Further, the process of extracting the features of the RGB modal data by using the RGB network in the seventh step is as follows: firstly, normalizing the collected pictures, then sending the normalized pictures into a 5-layer convolution network, obtaining a characteristic diagram after convolution and then connecting a pooling layer, inputting the obtained characteristic diagram into a three-layer full-connection network, and obtaining a characteristic diagram frgb
Further, the process of extracting features of depth modal data by using a depth network in the step eight is as follows: firstly, normalizing the collected pictures into the same size, then sending the normalized pictures into a 5-layer convolutional network, obtaining a heat map area of a characteristic map input into the network through a 5-layer multilayer perceptron, shielding one third area in the heat map by randomly selecting the area, inputting the shielded pictures into a pooling layer to obtain the characteristic map, inputting the obtained characteristic map into a two-layer fully-connected network to obtain a characteristic map fdepth
Further, in the ninth step, the extracted features of the two modalities are fused to construct a fusion feature frgbdThe fusion method comprises the following steps: f obtainedrgbAnd fdepthSplicing the materials together according to the channel dimension, and if the materials are convolutional layers, utilizing the formula:
Figure BDA0001641455200000041
where l denotes the layer i network, featurelThe first layer is shown as a characteristic diagram, stridelThe step size of the convolution kernel shift is indicated; if it is a pooling layer, then the formula is used
Figure BDA0001641455200000042
Where kernel represents the pooled kernel size of the pooled layer.
Further, in the step ten, the classification of the classifier is calculated as follows: the fusion features of a test sample are extracted and input into a classifier, the trained classifier returns C numerical values to the input RGB-D object image through SoftMax, and then the class of the object is predicted by calculating which numerical value is the largest.

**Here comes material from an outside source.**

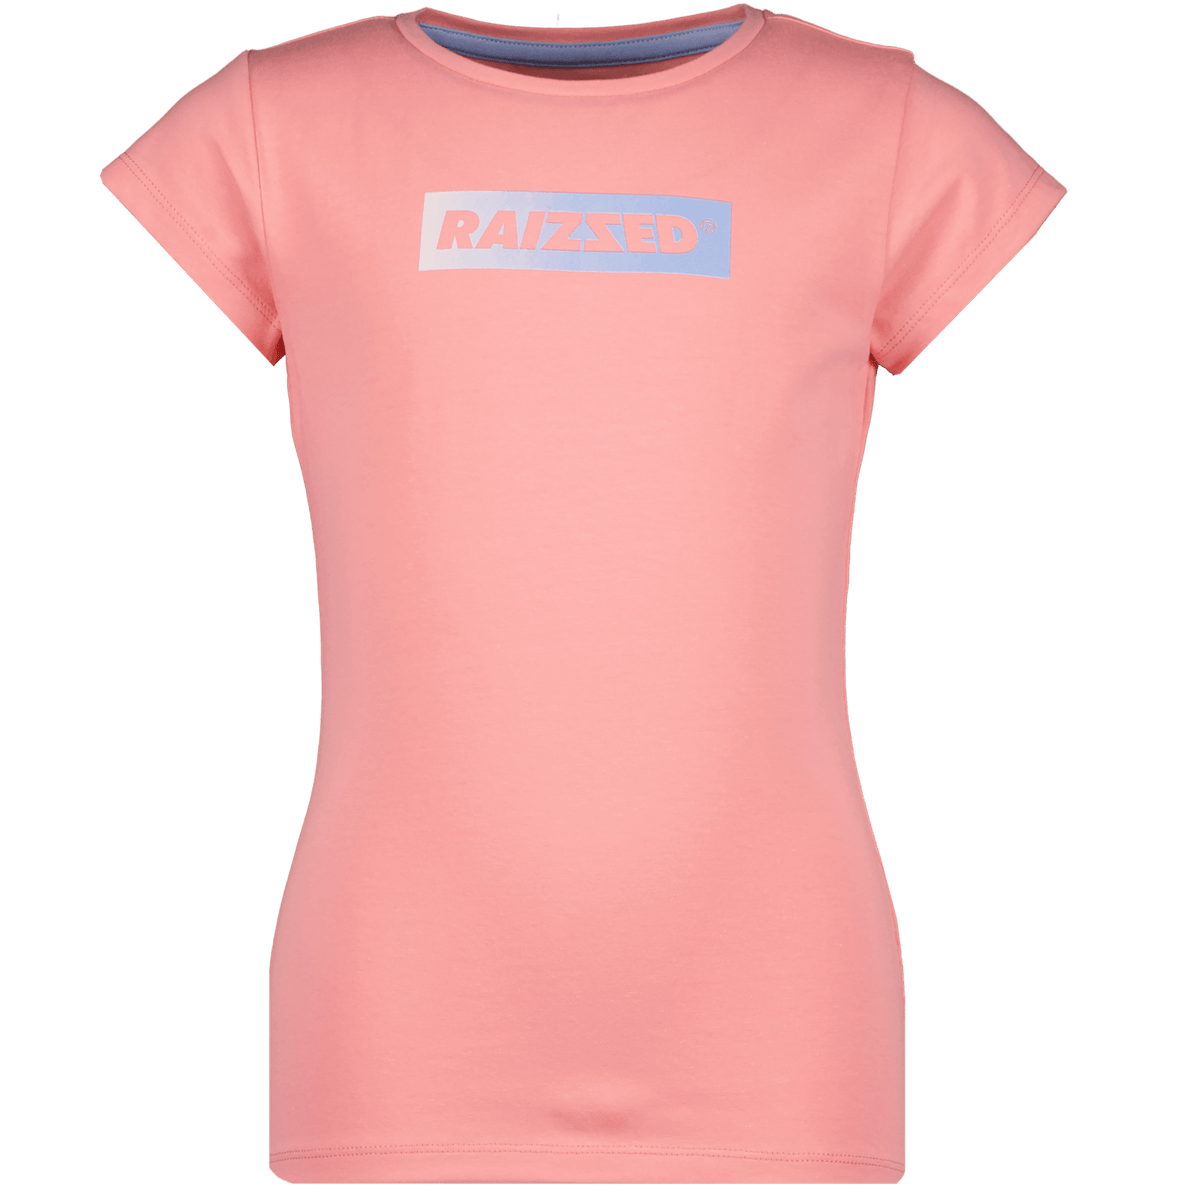 Mädchen T-Shirt Florence Blush Coral

Compared with the prior art, the invention has the advantages and positive effects that:
the invention provides a novel RGB-D-based object classifier construction method, which can analyze the class of a collected object according to collected multi-mode information and take the characteristics among the multi-mode information into consideration during training. Most object classifiers utilize RGB texture information to train the classifier by extracting features from RGB images, but in reality, the problem that the classification of two cups is difficult to solve only by texture exists, for example, two mug cups with similar colors are difficult to distinguish by texture, but because the distance relationship exists between the two cups, the two cups can be distinguished by the depth relationship between the two cups. The method provided by the invention combines the RGB characteristic information and depth characteristic information to train the object classifier, so that the method is more suitable for actual conditions.
Detailed Description
The invention provides a classifier construction method based on RGB-D object recognition, which is mainly used for providing a counterlearning module based on a deep learning convolutional neural network CNN which is very popular at present, and providing a sample which is difficult to classify through an artificially constructed classifier (the method used in the method is that the most discriminant area in an image is artificially shielded, for example, if an animal in the image is identified to be a dog or not, the most discriminant area is the dog head for the dog, the head of the dog is artificially shielded), and the difficulty of training of the classifier is increased by utilizing the artificially manufactured difficult example, so that the trained classifier is more discriminant and is more robust. In addition, the proposed method is an end-to-end method, segmentation optimization is not needed, and direct optimization can be performed from beginning to end.
In order that the above objects, features and advantages of the present invention can be more clearly understood, the present invention will be further described with reference to the following examples.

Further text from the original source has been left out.